A lay bet is a bet against a selection — you are predicting that it will NOT win. On a betting exchange, you take the role of the bookmaker, offering odds to a backer. If the selection loses, you collect the backer's stake as profit. If it wins, you pay the backer their winnings from your own funds (your liability).
Lay betting is only possible on exchanges such as Betfair, Smarkets, or Betdaq. On traditional bookmakers, you can only back selections. The exchange matches your lay offer against a backer's stake when the odds agree.
The key number for lay bettors is the liability. If you lay a horse at 5.0 and someone backs it for £10, your liability is £10 × (5.0 - 1) = £40. If the horse wins, you pay £40. If it loses, you receive the £10 backer's stake.

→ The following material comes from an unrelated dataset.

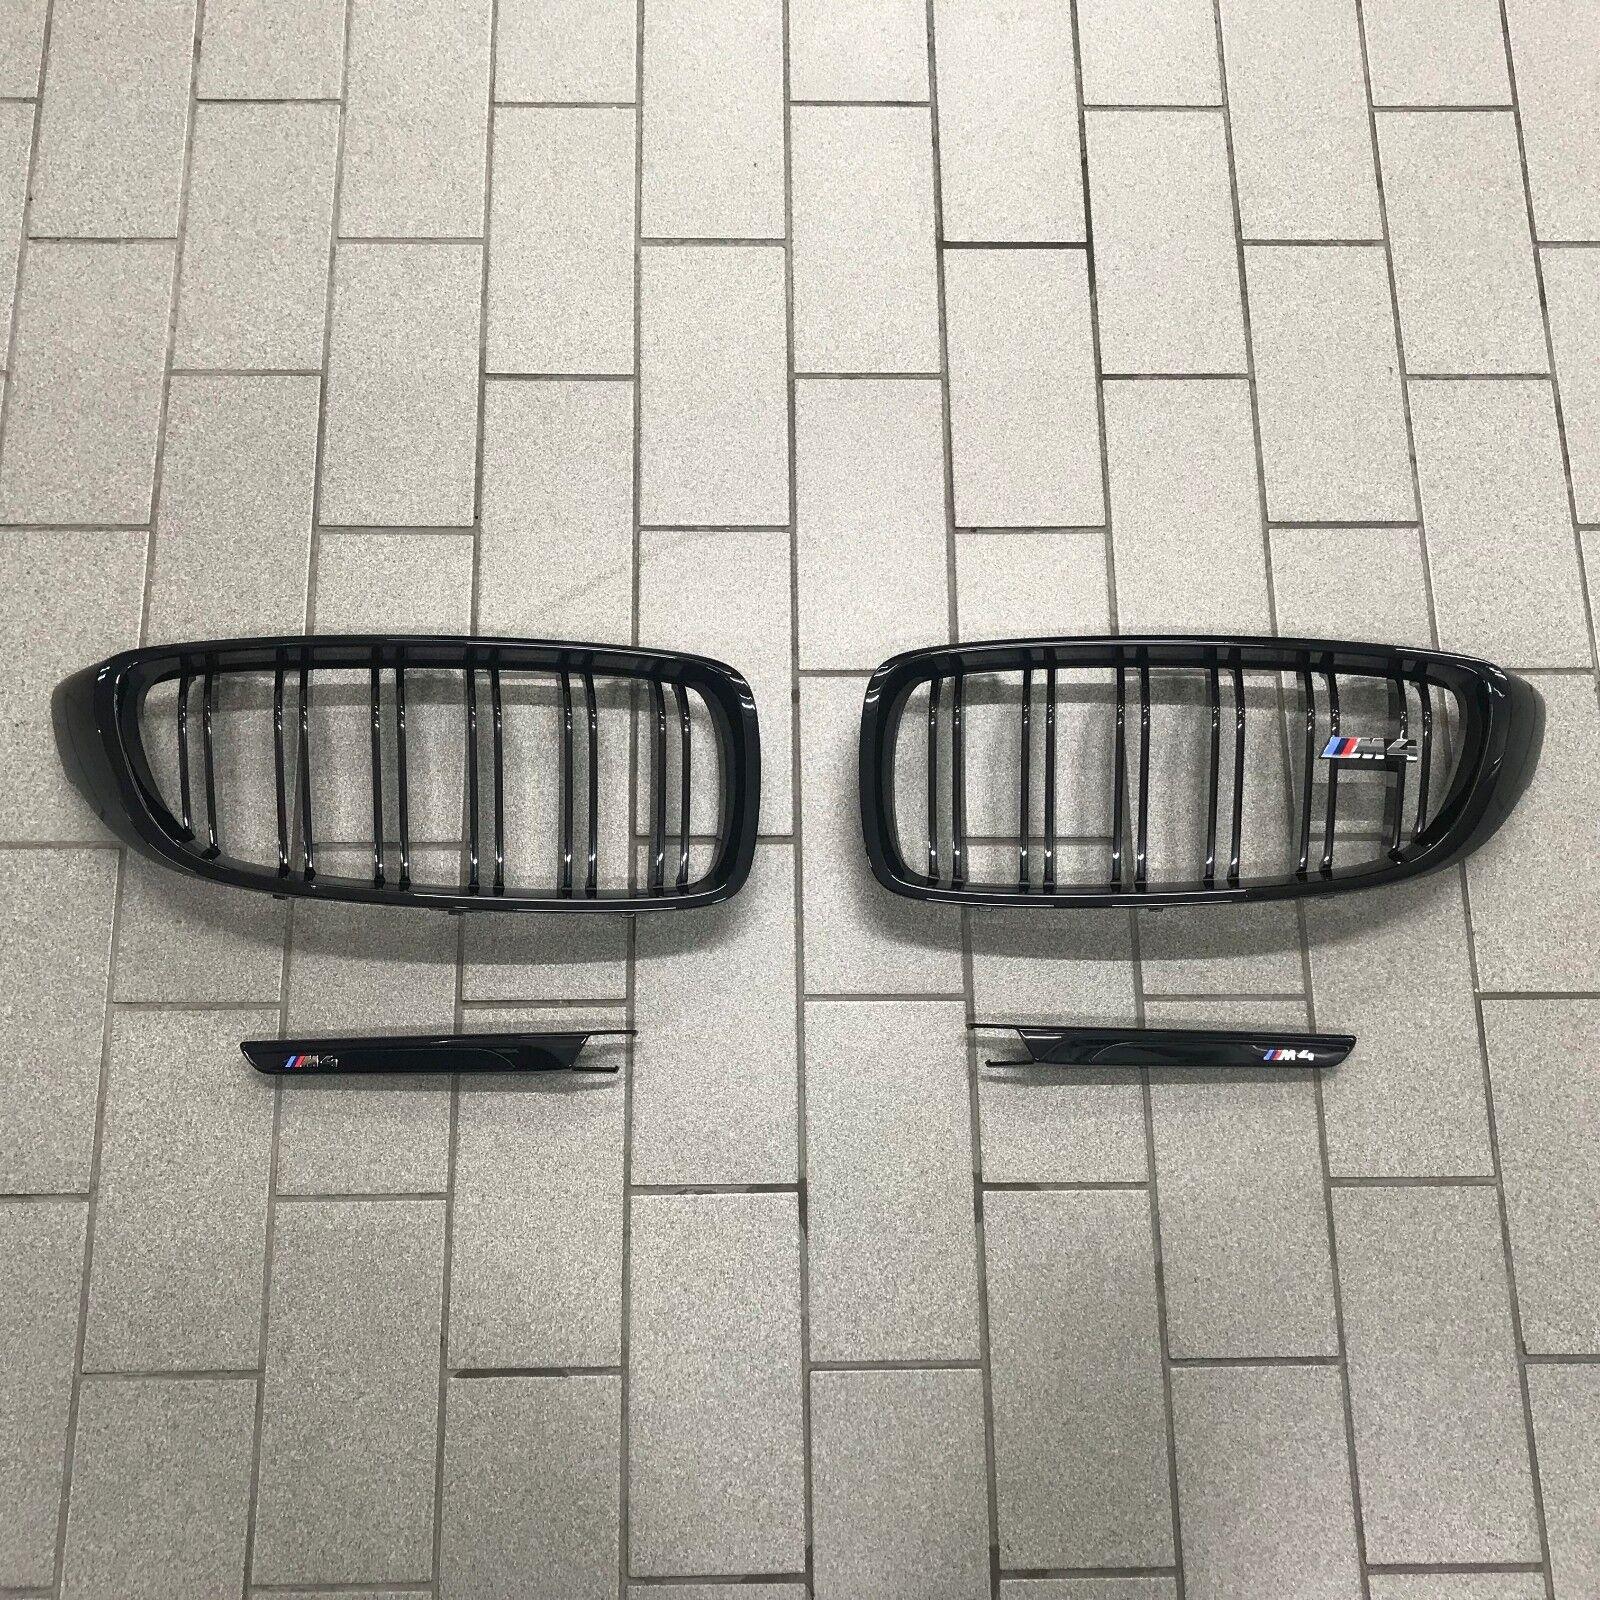 BMW F32 F33 F80 F82 F83 M3 M4 Gloss Black Kidney Grille Grilles Double Spoke UK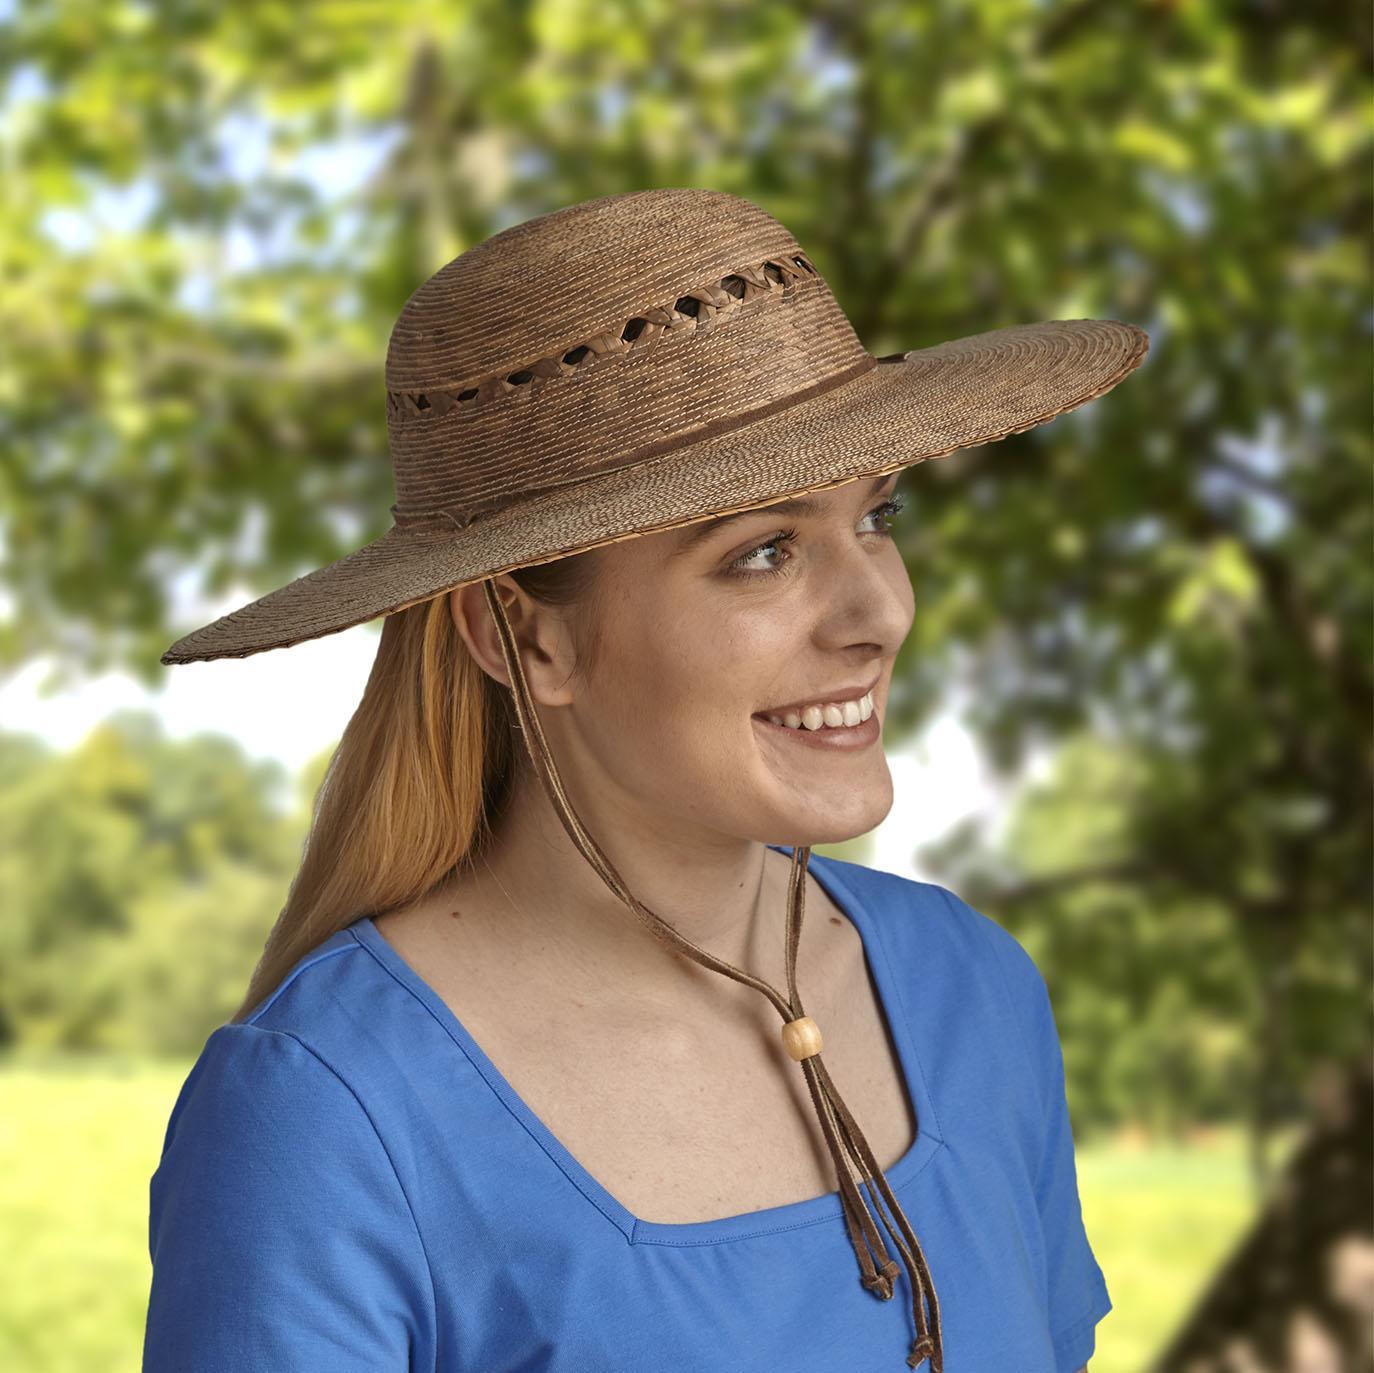 Award-winning Gardening Hat offers 50+ UPF sun protection.

Your maximum loss (£40) is much larger than your maximum gain (£10), which means lay betting at short odds offers better risk/reward — short-priced favourites have a lower liability multiple.
Matched betting uses lay bets as a central mechanism. When a bookmaker gives you a free bet, you back a selection at the bookmaker and lay it at the same odds on an exchange. The two bets cancel out any match result, leaving only the free bet profit.
In-play trading often involves laying selections at inflated prices. If a team's odds drift in-play (e.g. they fall behind), a trader might lay them earlier at a short price and back them again at longer odds to lock in a profit regardless of the result.
Example
On Betfair, you lay Manchester United at odds of 3.00 for £50 (someone backs them for £50). Your liability = £50 × (3.00 - 1) = £100. If United win: you pay out £100. If United draw or lose: you collect the £50 back stake as profit.